■ TASK REQUIREMENTS: Your answer must be the exact lines from the one with "Cebeci Arms Leather" to the end of the data, both included, with no pictures.

■ PROVIDED MATERIAL:
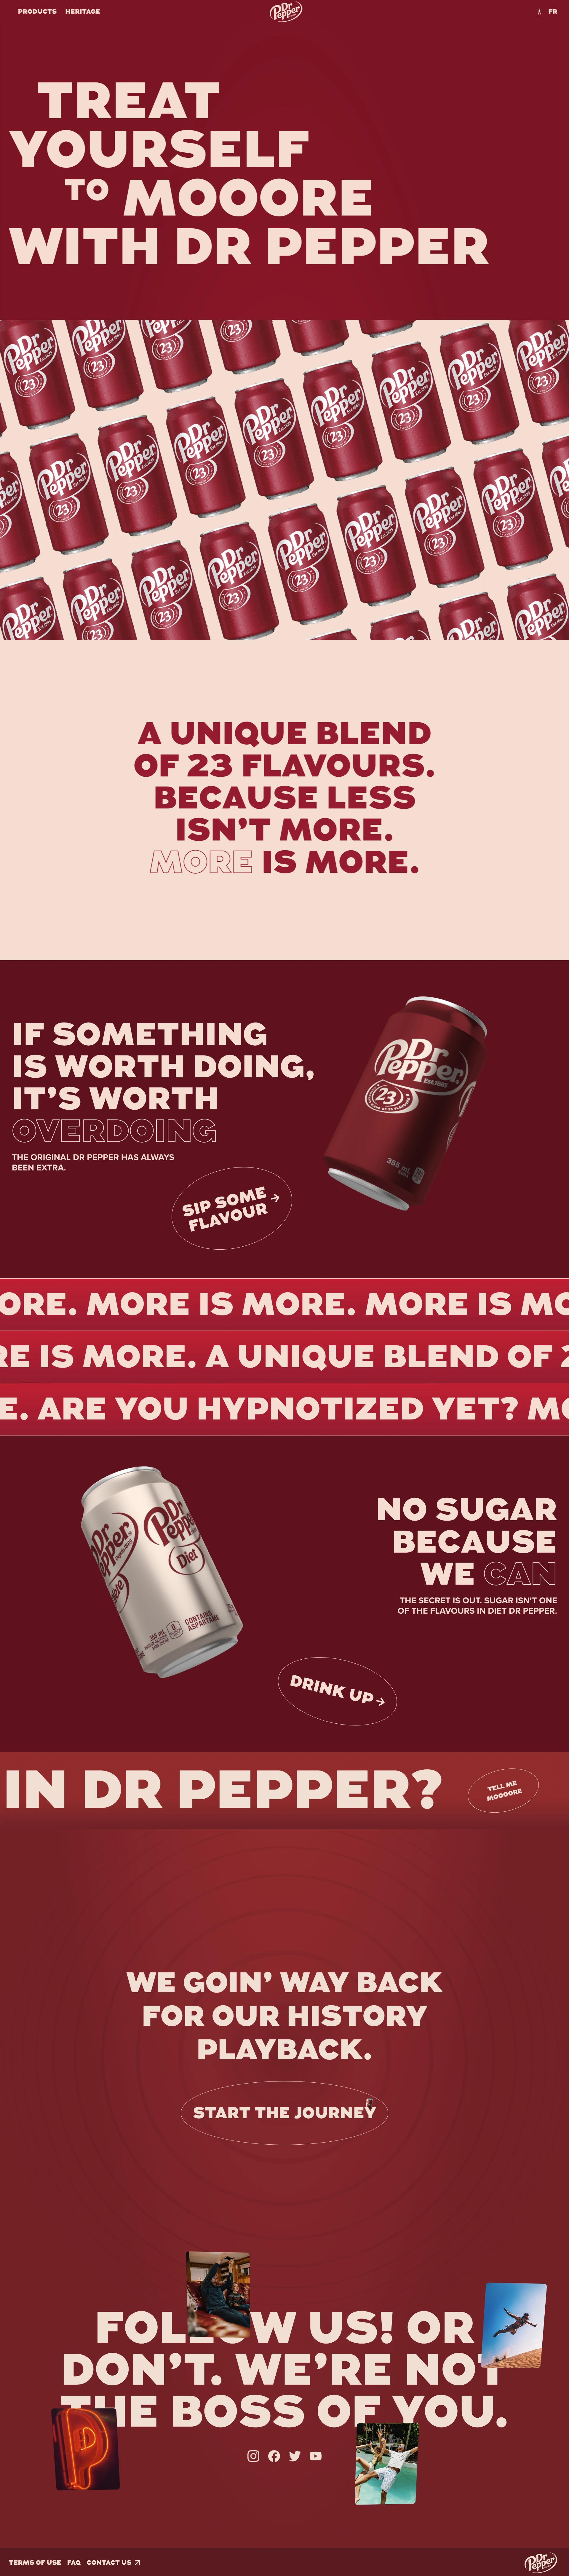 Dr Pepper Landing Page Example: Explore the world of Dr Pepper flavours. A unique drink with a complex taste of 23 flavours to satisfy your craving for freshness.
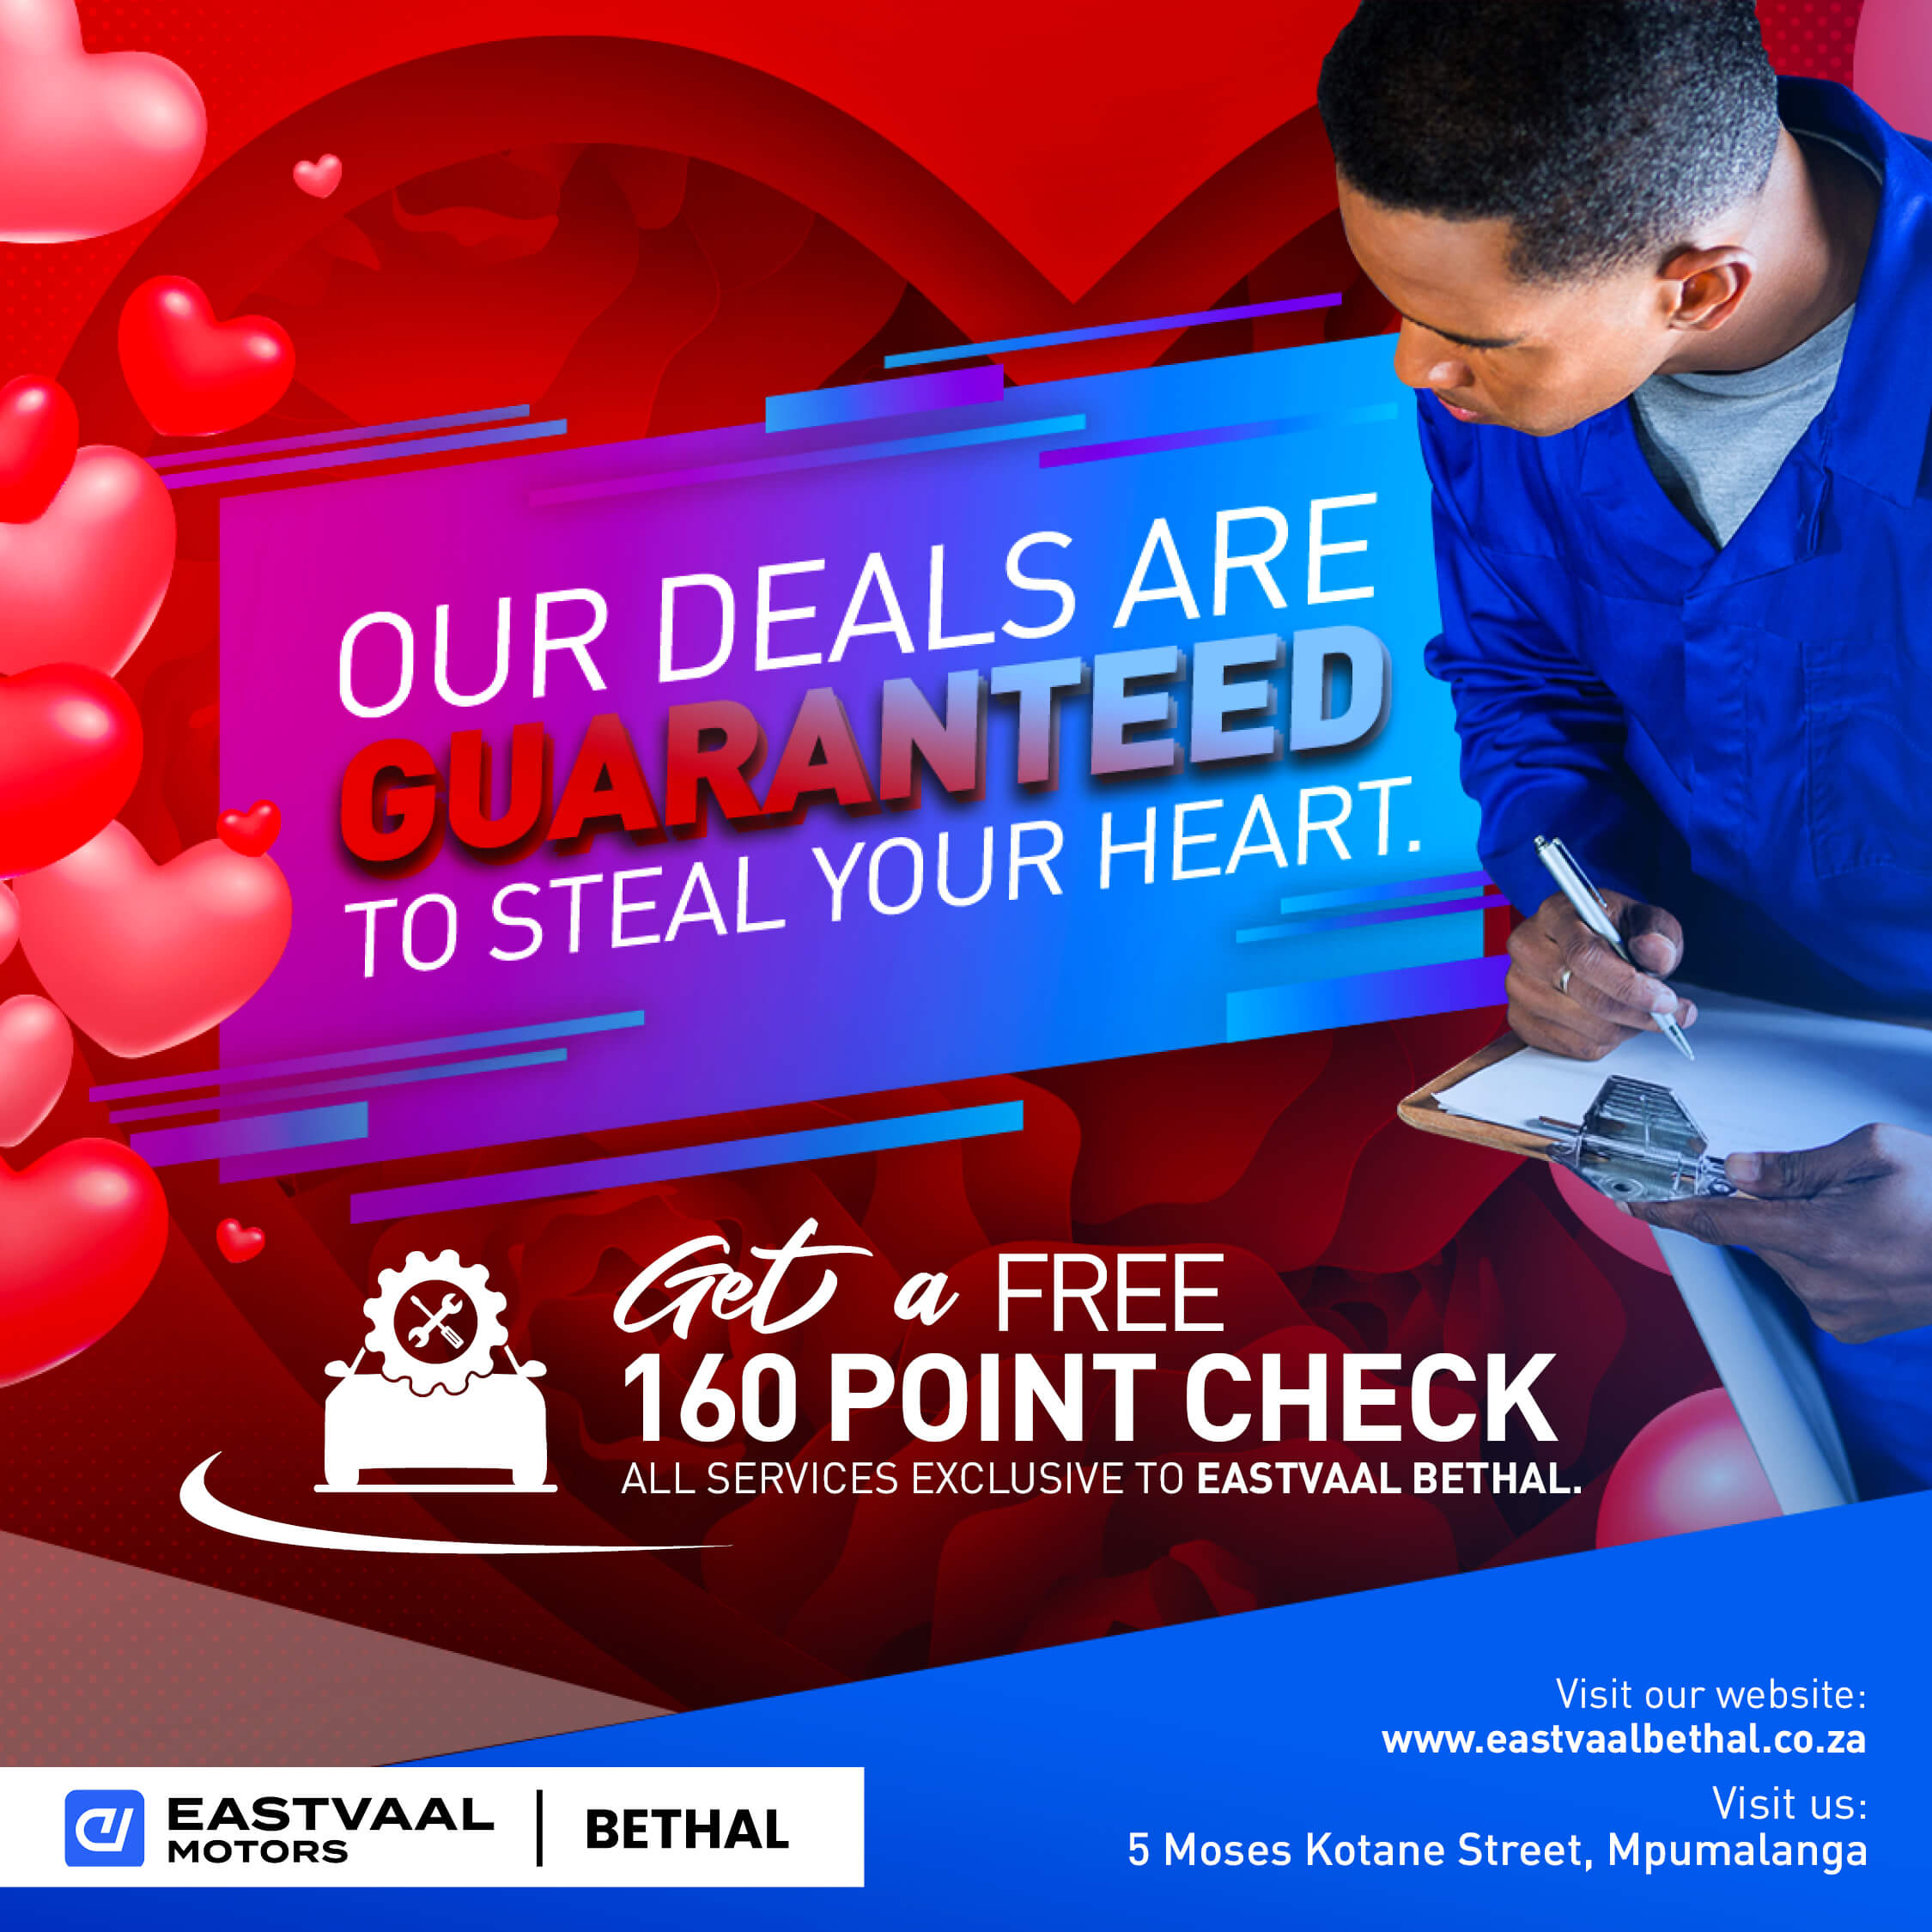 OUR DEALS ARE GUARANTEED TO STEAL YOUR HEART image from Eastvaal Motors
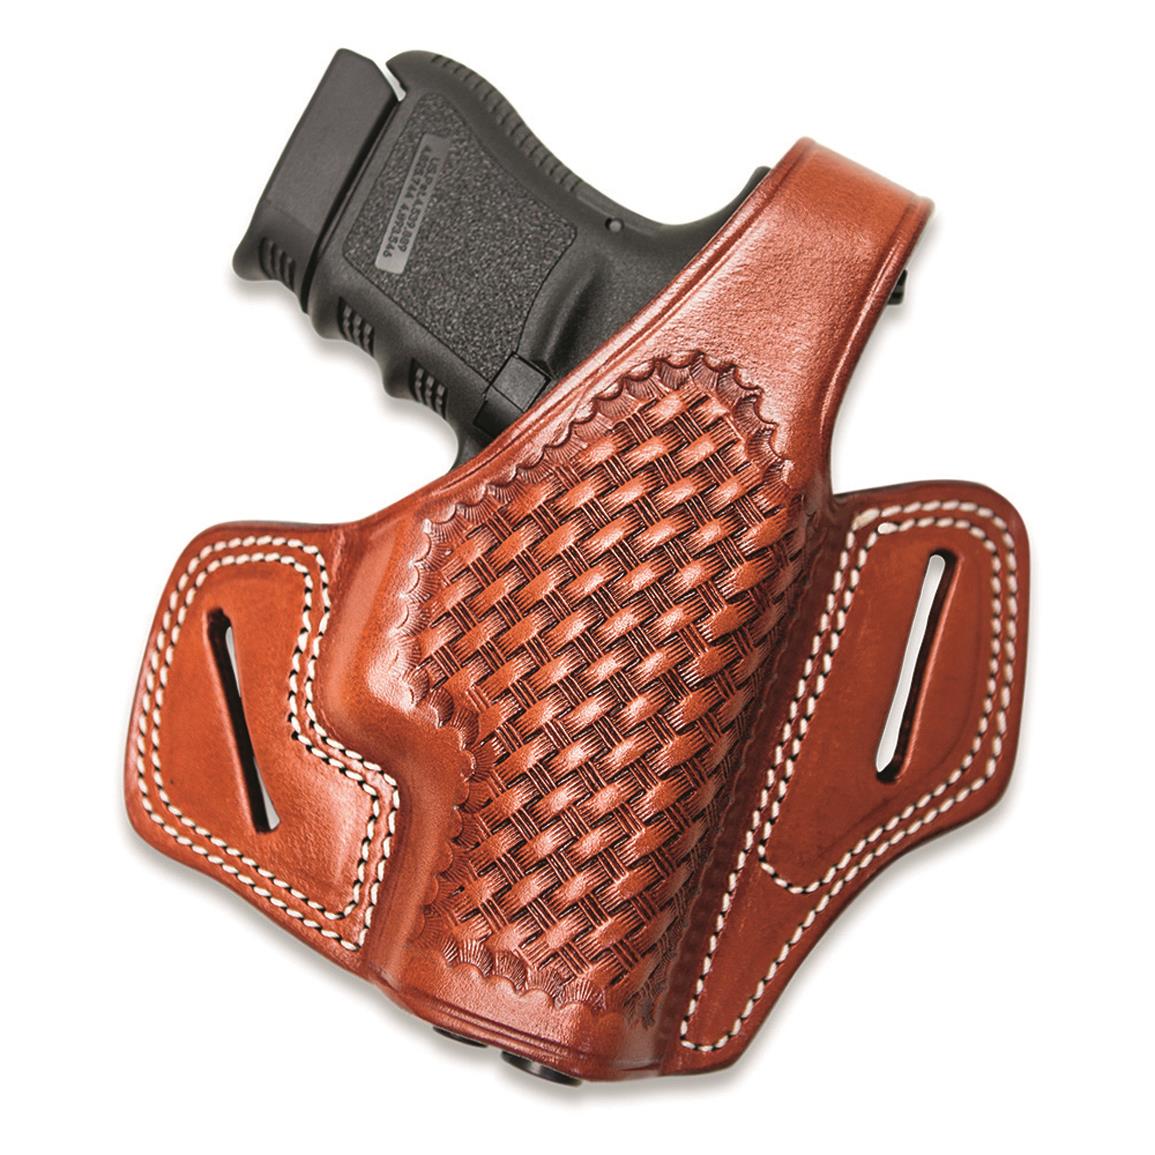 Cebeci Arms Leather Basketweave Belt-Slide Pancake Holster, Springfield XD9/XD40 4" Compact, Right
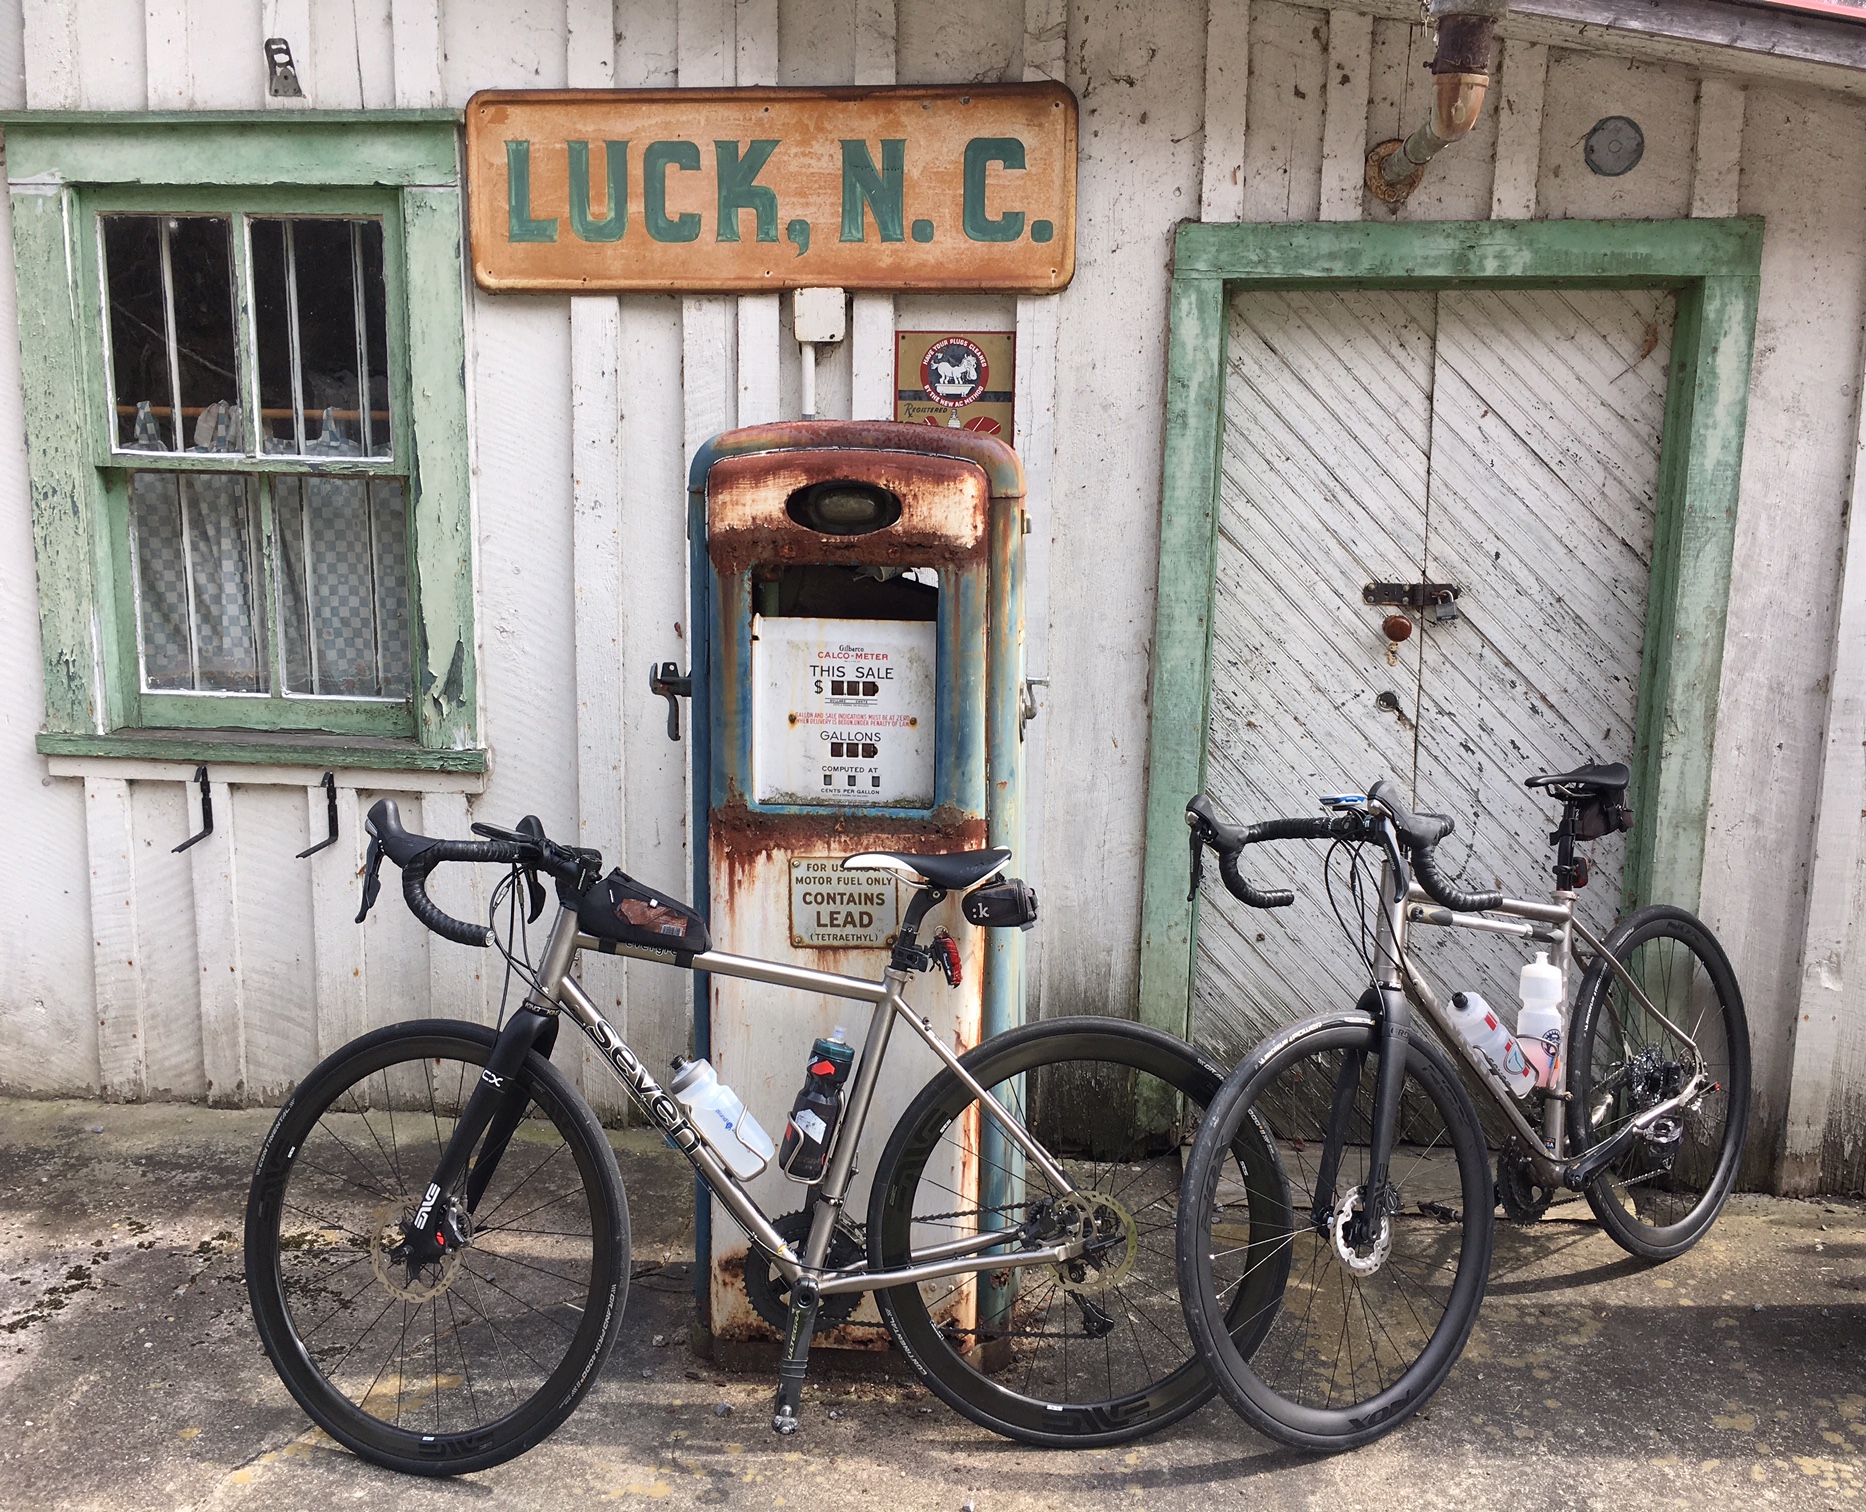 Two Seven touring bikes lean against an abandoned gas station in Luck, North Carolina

■ EXERCISE RESPONSE:
 Cebeci Arms Leather Basketweave Belt-Slide Pancake Holster, Springfield XD9/XD40 4" Compact, Right
 Two Seven touring bikes lean against an abandoned gas station in Luck, North Carolina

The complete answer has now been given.